2009/8/19 Dan Bolser <dan.bolser at gmail.com>:
> I'm trying to use this function (read454) but it keeps dying..
>
>
> library(ShortRead)
>
> experimentPath <-
>  "Fasta/"
>
> readPath <- experimentPath
> qualPath <- experimentPath
>
> pattern <- "FUBJ29X06.sff."
>
> reads <-
>  read454(RochePath(experimentPath=experimentPath,
>                    readPath=readPath,
>                    qualPath=qualPath), pattern)
>
> +   read454(RochePath(experimentPath=experimentPath,
> +                     readPath=readPath,
> +                     qualPath=qualPath), pattern)
> Error in file(file, "r") : cannot open the connection
> In addition: Warning message:
> In file(file, "r") : cannot open file 'NA': No such file or directory
>
>
> The contents of the 'Fasta' directory look like this:
>
> ls Fasta/FUBJ29X06.sff.*
> Fasta/FUBJ29X06.sff.fna  Fasta/FUBJ29X06.sff.qual
>
>
>
> Why can't I just specify a fasta file and a quality file?
>
> Cheers,
> Dan.
>
>
> 2009/7/17 Pratap, Abhishek <APratap at som.umaryland.edu>:
>> Hi
>>
>> In that case based on my short experience I think you could specify a pattern while reading files from a directory.
>>
>> pattern-<"regex-pattern-here"
>>
>> reads <- read454(RochePath(experimentPath=experimentPath,readPath=readPath, qualPath=qualPath), pattern)
>>
>> I think should work.
>>
>> Thanks
>> -A
>>
>>
>> -----Original Message-----
>> From: bioc-sig-sequencing-bounces at r-project.org on behalf of Wolfgang Raffelsberger
>> Sent: Fri 7/17/2009 1:35 PM
>> Cc: bioc-sig-sequencing at r-project.org
>> Subject: Re: [Bioc-sig-seq] reading 454 data with ShortRead
>>
>> Dear Michael,
>>
>> Thank's a lot, it works now ...
>> If I understand right, I may not have more than one single pair of
>> sequence-reads (.fna) and quality-scores (.qual) in a given directory,
>> since you don't specify the file-names.
>>
>> Wolfgang
>>
>> Michael Mueller a écrit :
>>> Dear Wolfgang,
>>>
>>> readPath and qualPath specify the paths to the directory containing the
>>> .fna and .qual files rather than the paths to the files themselves.
>>>
>>> Try:
>>>
>>> experimentPath <- "/path/to/directory/containing/fna/and/qual/files"

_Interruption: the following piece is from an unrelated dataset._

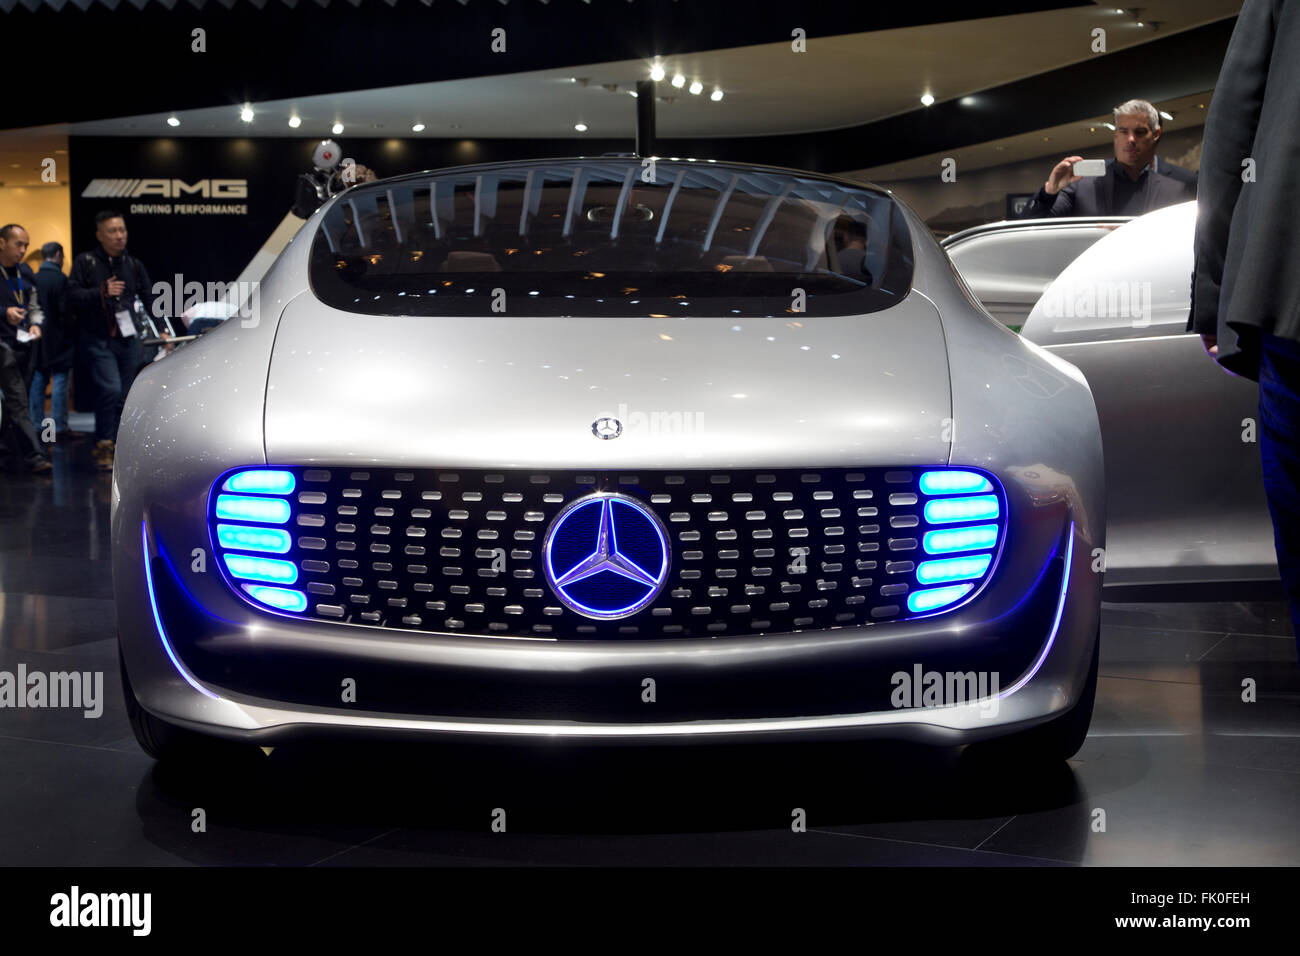 Mercedes-Benz F015 Autonomous Car Concept at the Geneva Motor Show 2016 Stock Photo

>>> readPath <- experimentPath
>>> qualPath <- experimentPath
>>>
>>> reads <- read454(RochePath(experimentPath=experimentPath,
>>> readPath=readPath, qualPath=qualPath))
>>>
>>> If only experimentPath is specified all sub-directories of
>>> <experimentPath> matching run are searched for read/quality files.
>>>
>>> Regards,
>>> Michael
>>>
>>> ----------------------------
>>> Michael Mueller
>>> Bioinformatician
>>>
>>> Imperial College London
>>> MRC Clinical Sciences Centre
>>> Du Cane Road
>>> London, W12 0NN
>>> United Kingdom
>>>
>>> phone +44 (0)20 8383 8537
>>> fax   +44 (0)20 8383 8577
>>>
>>>
>>> Wolfgang Raffelsberger wrote:
>>>> Dear list,
>>>> I'm trying to read some 454 data into ShortRead, but I'm having some
>>>> difficulties. Basically I have a FASTA concatenated file with all the
>>>> sequence reads and a FASTA-like file with the Phred-quailty scores,
>>>> the identifyiers for each read from both files match. Here I'm
>>>> testing a small sub-set of the reads, so memory etc shouldn't be an
>>>> issue.
>>>> Based on the ShortRead Vignette I thought could do the job and then I
>>>> realized that there are 454-dedicated functions. But so far I didn't
>>>> get either of them of them to work.
>>>>
>>>>  > library(ShortRead)
>>>>  > Sfile1 <- "01Reads.fna"
>>>>  > Qfile1 <- "01Reads.qual"
>>>>  > tmp <- read454(".", readPath=Sfile1, qualPath=Qfile1)    # I'm
>>>> already in the proper path where both files are located ...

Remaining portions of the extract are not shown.